# Assigned task
Among the entries below, which lines run from the line with "VoIP integration with CRM" through the line with "The Ultimate Guide"? Retype those, both ends included, exactly and without pictures.

# Exercise material
Content starts
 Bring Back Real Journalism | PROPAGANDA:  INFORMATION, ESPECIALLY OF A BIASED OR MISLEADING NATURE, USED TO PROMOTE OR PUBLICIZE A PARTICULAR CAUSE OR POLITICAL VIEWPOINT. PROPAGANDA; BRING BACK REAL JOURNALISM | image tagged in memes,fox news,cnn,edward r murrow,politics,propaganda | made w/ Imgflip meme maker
Content ends
Content starts
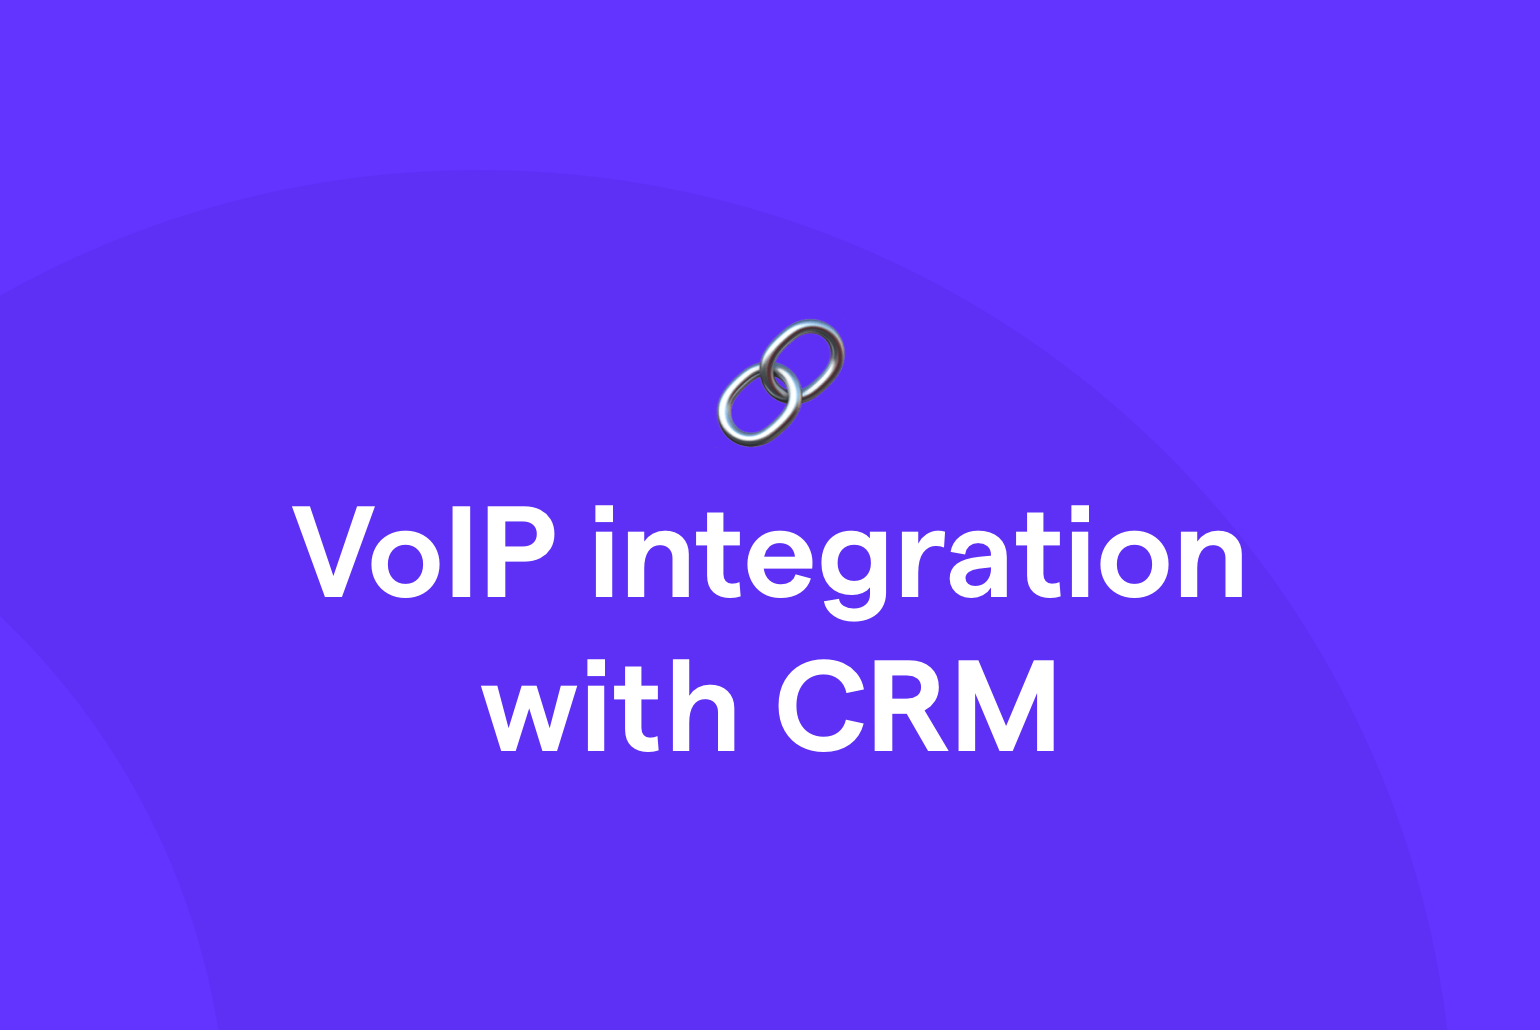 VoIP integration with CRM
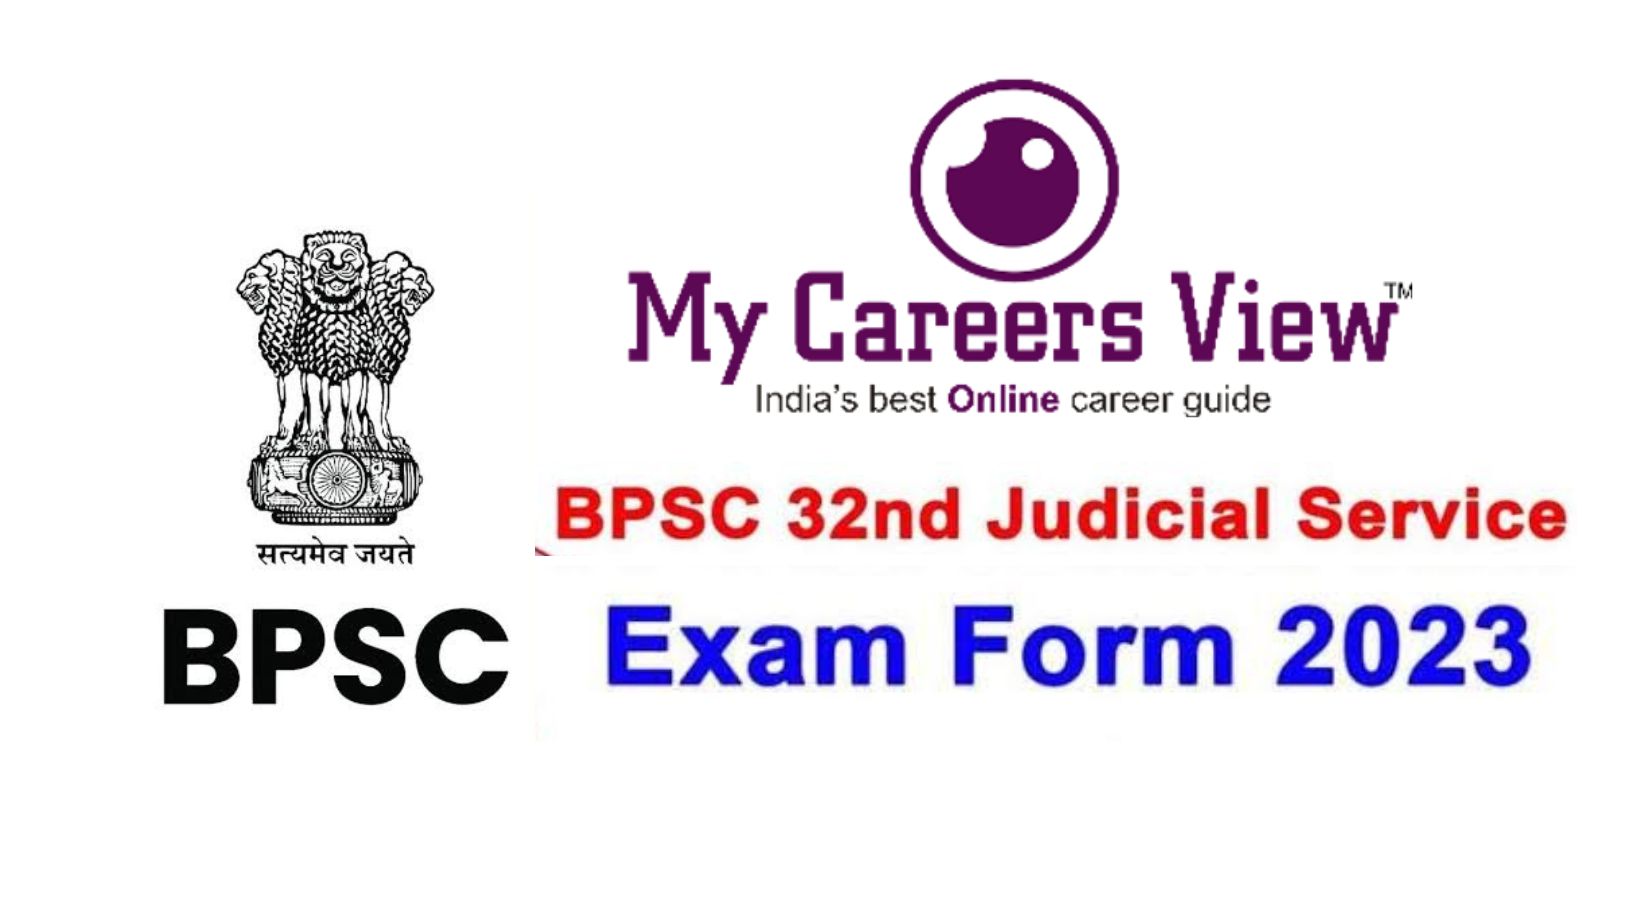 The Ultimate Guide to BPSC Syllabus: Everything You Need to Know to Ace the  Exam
Content ends
Content starts
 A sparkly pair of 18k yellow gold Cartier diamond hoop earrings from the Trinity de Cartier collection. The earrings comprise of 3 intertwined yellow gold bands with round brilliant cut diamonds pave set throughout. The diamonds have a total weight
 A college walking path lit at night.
Content ends
# Completed task
 VoIP integration with CRM
 The Ultimate Guide to BPSC Syllabus: Everything You Need to Know to Ace the  Exam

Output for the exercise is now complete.